Victoria Newlyn, embodying the poet-speakers of diverse literary voices – Thom Gunn and Carol Ann Duffy, A.A. Milne and U.A. Fanthorpe, Donne and Wordsworth, Shakespeare and Yeats, among others – brought to life a range of perspectives, sometimes wry, sometimes sad, always engaging. Occasionally I wished she had let the spirit of a song settle before embarking on a new poetic mood, but Newlyn’s directness and relaxed dramatisations held the audience’s ear.
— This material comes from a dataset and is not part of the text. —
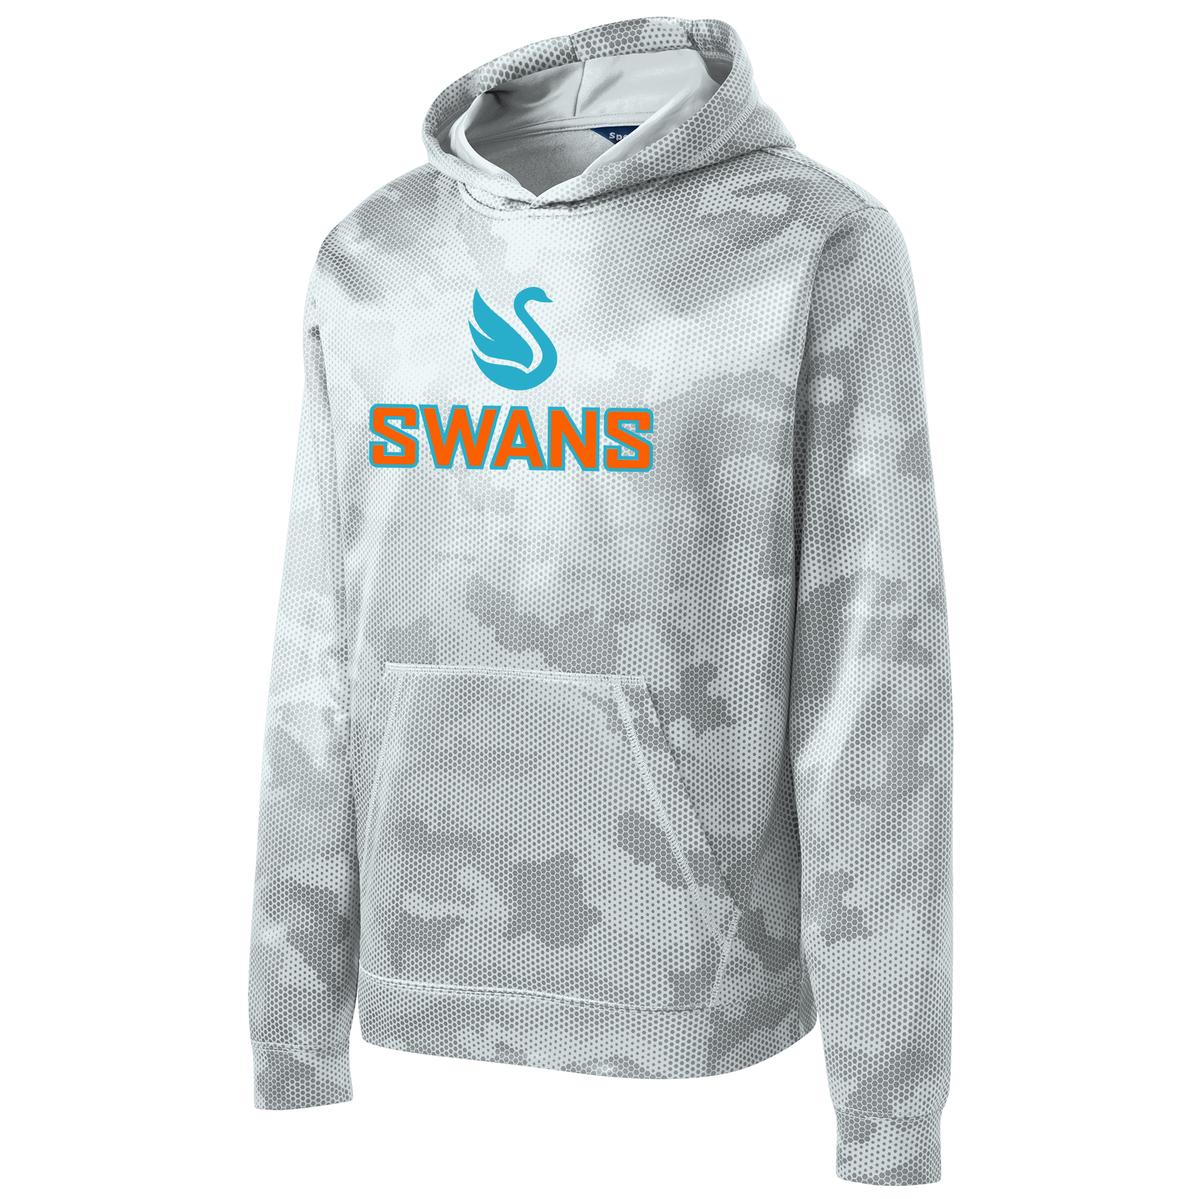 Swans Lacrosse Youth CamoHex Pullover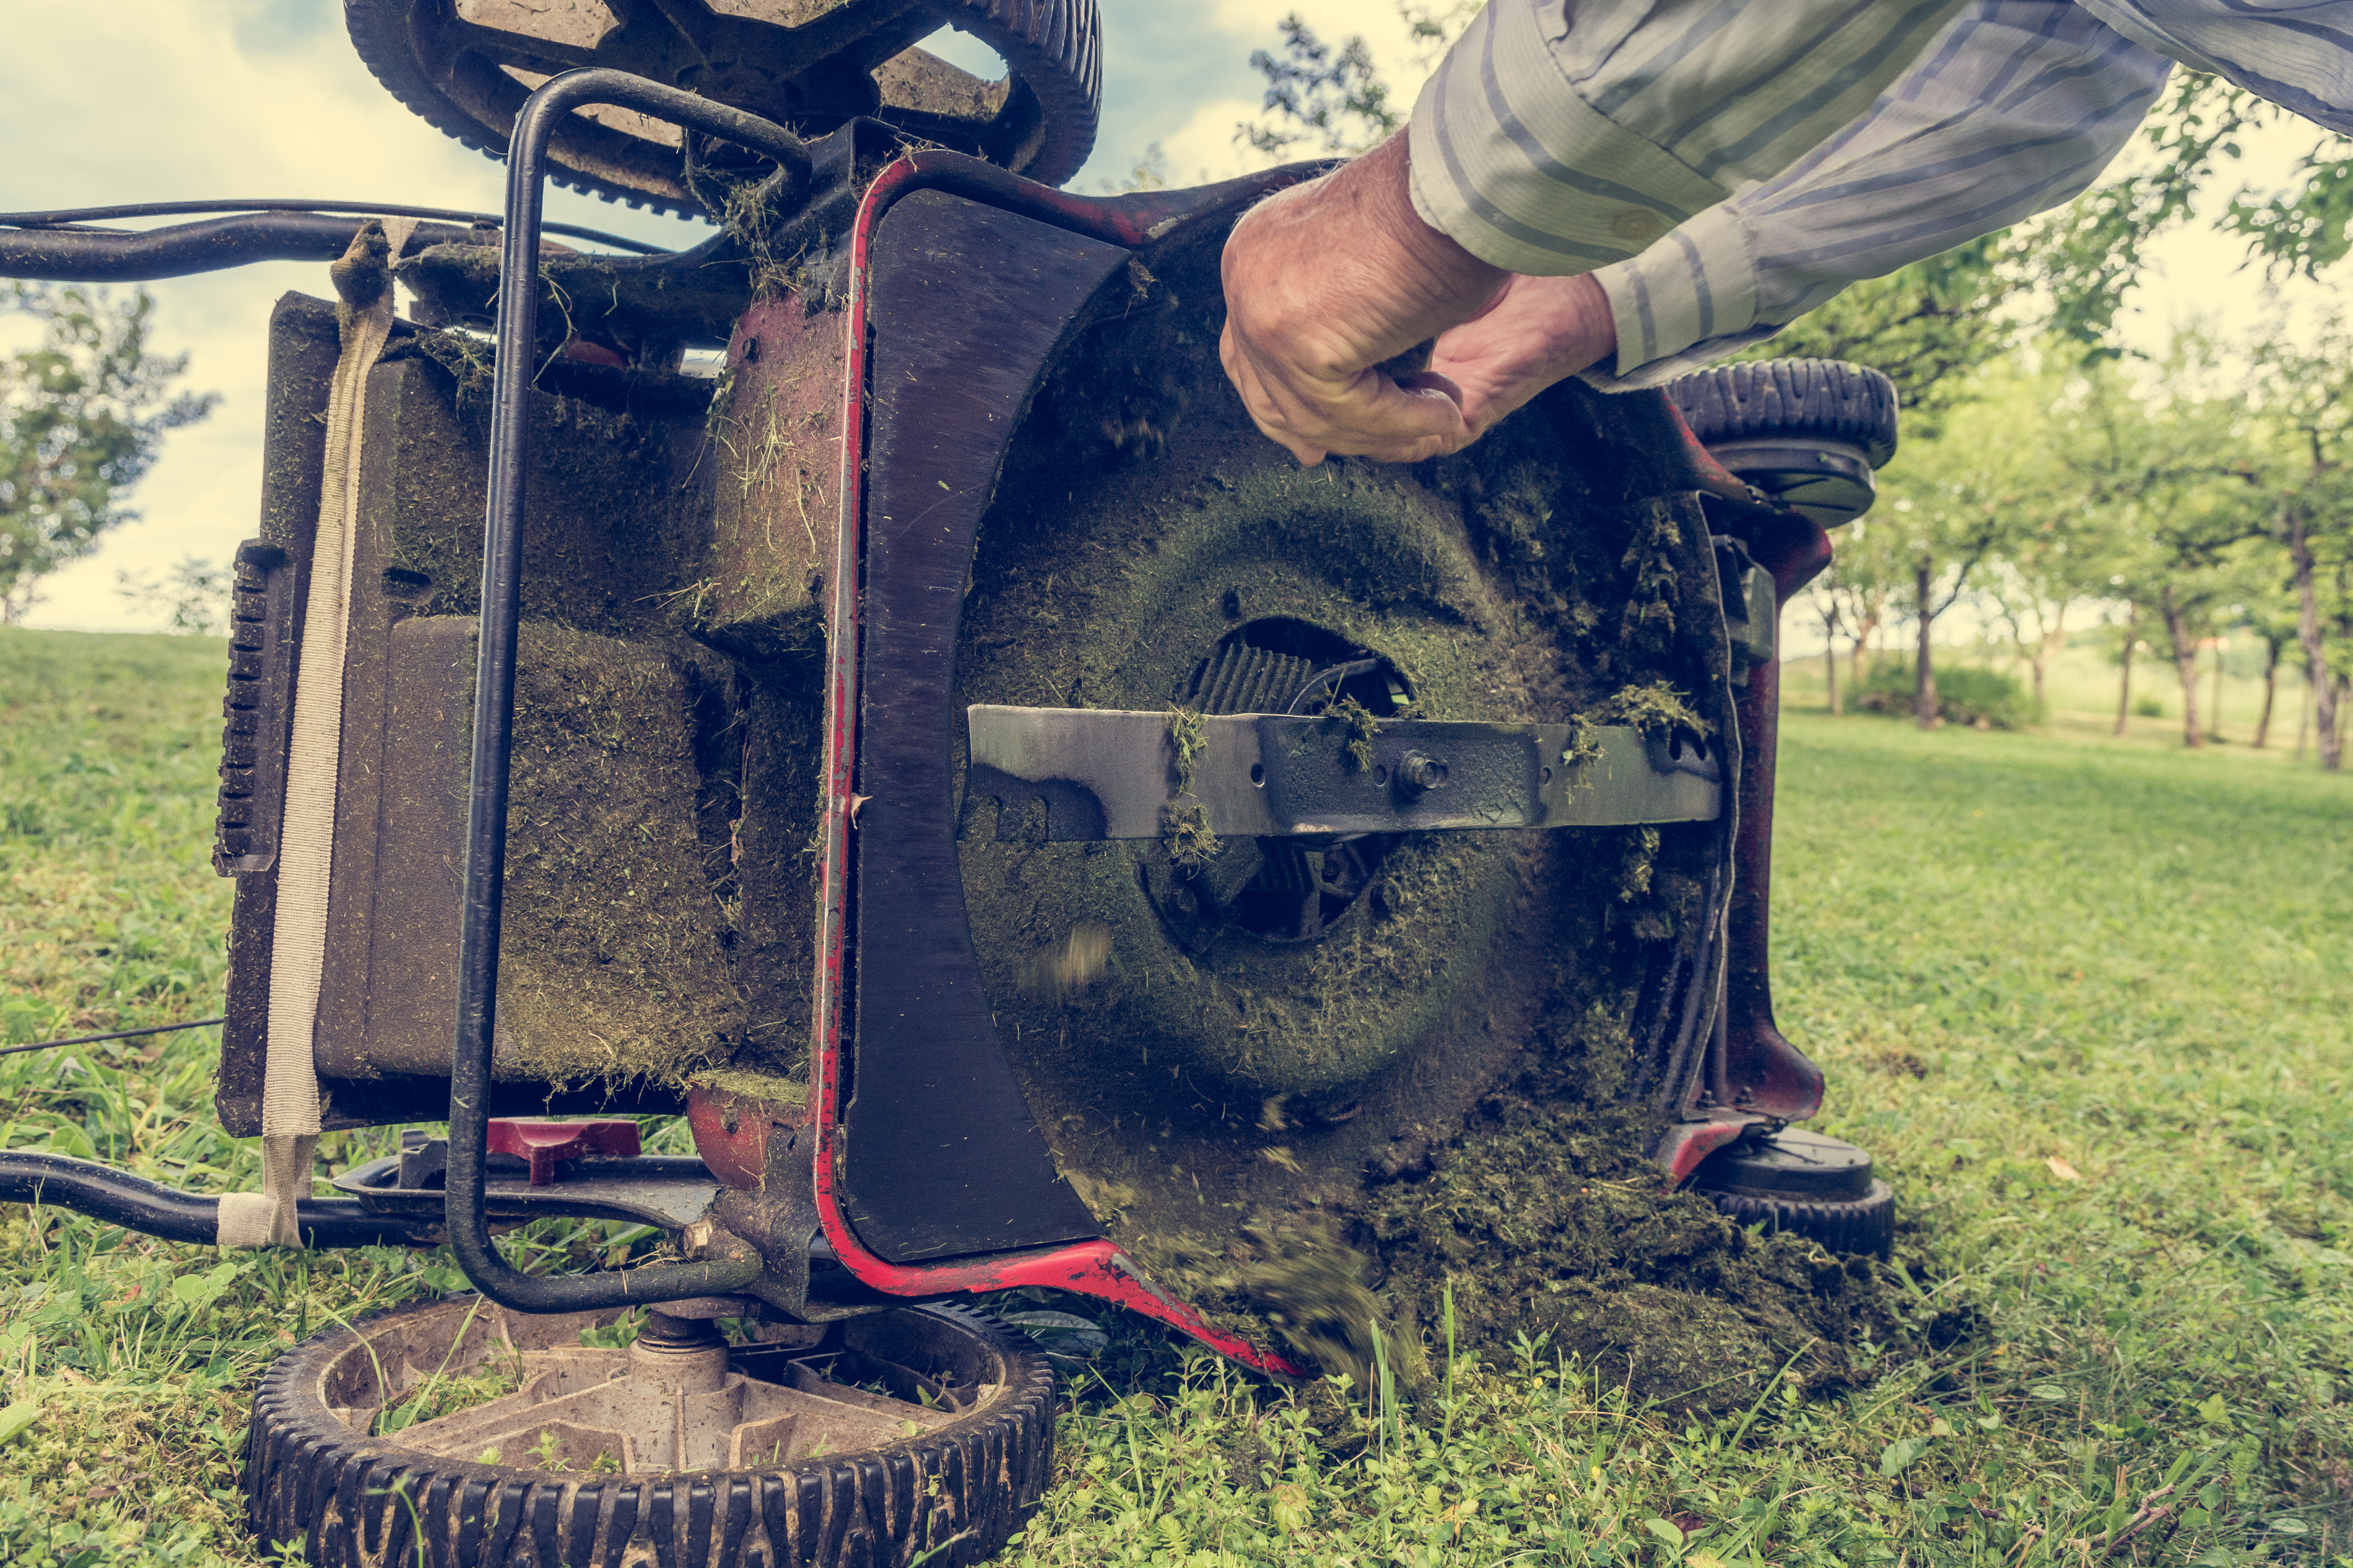 Overview of Basic Mower Maintenance

The smiles on the performers’ faces as they enjoyed each other’s expressive powers were mirrored, though prevailingly masked, on our own. This was a wonderfully heart-warming, essentially ‘human’ performance, confirming that, as Carver writes, ‘To call myself beloved, to feel myself beloved on the earth’ is indeed ‘enough’. If anyone was in doubt, Padmore’s mystical rendition of Holst’s ‘Journey’s end’ – a masterclass of vocal phrasing, of contrasting chromaticism and consonance – would surely have dispelled fears. Williams joined Padmore in Holst’s final phrase, and the duo’s heartening evocation of Purcell’s ‘sweet security’ offered us a hope and certainty which have been sorely missed and are much in need.
Claire Seymour
Seven Ages: Mark Padmore (tenor), Roderick Williams (baritone), Julius Drake (piano), Victoria Newlyn (narrator)
Vaughan Williams – ‘Infant Joy’, Schubert – ‘Der Vater mit dem Kind’, Clarke – ‘Cradle Song’, Copland – ‘Little Horses’, Britten – ‘M’idnight on the Great Western’ and ‘Black Day’, Schubert – ‘Der Pilgrim’ and ‘Willkommen und Abschied’, Schumann – ‘Widmung’, Fauré – ‘Donc ce sera par un clair jour d’été’, Vaughan Williams – ‘It was a lover and his Lass’, Butterworth – ‘Lads in their Hundreds’, Ives – ‘Tom Sails Away’, Poulenc – ‘Bleuet’, Fauré – ‘Prison’, Vaughan Willams – ‘The Vagabond’, Schumann – ‘Herbstlied’, Brahms – ‘Mit vierzig Jahren’, Britten – ‘As it is Plenty’, Brahms – ‘Phänomen’, Barber – ‘Bessie Bobtail’, Holst – ‘Journey’s End’, Purcell – ‘An Evening Hymn’.
Middle Temple Hall, London; Wednesday 21st July 2021.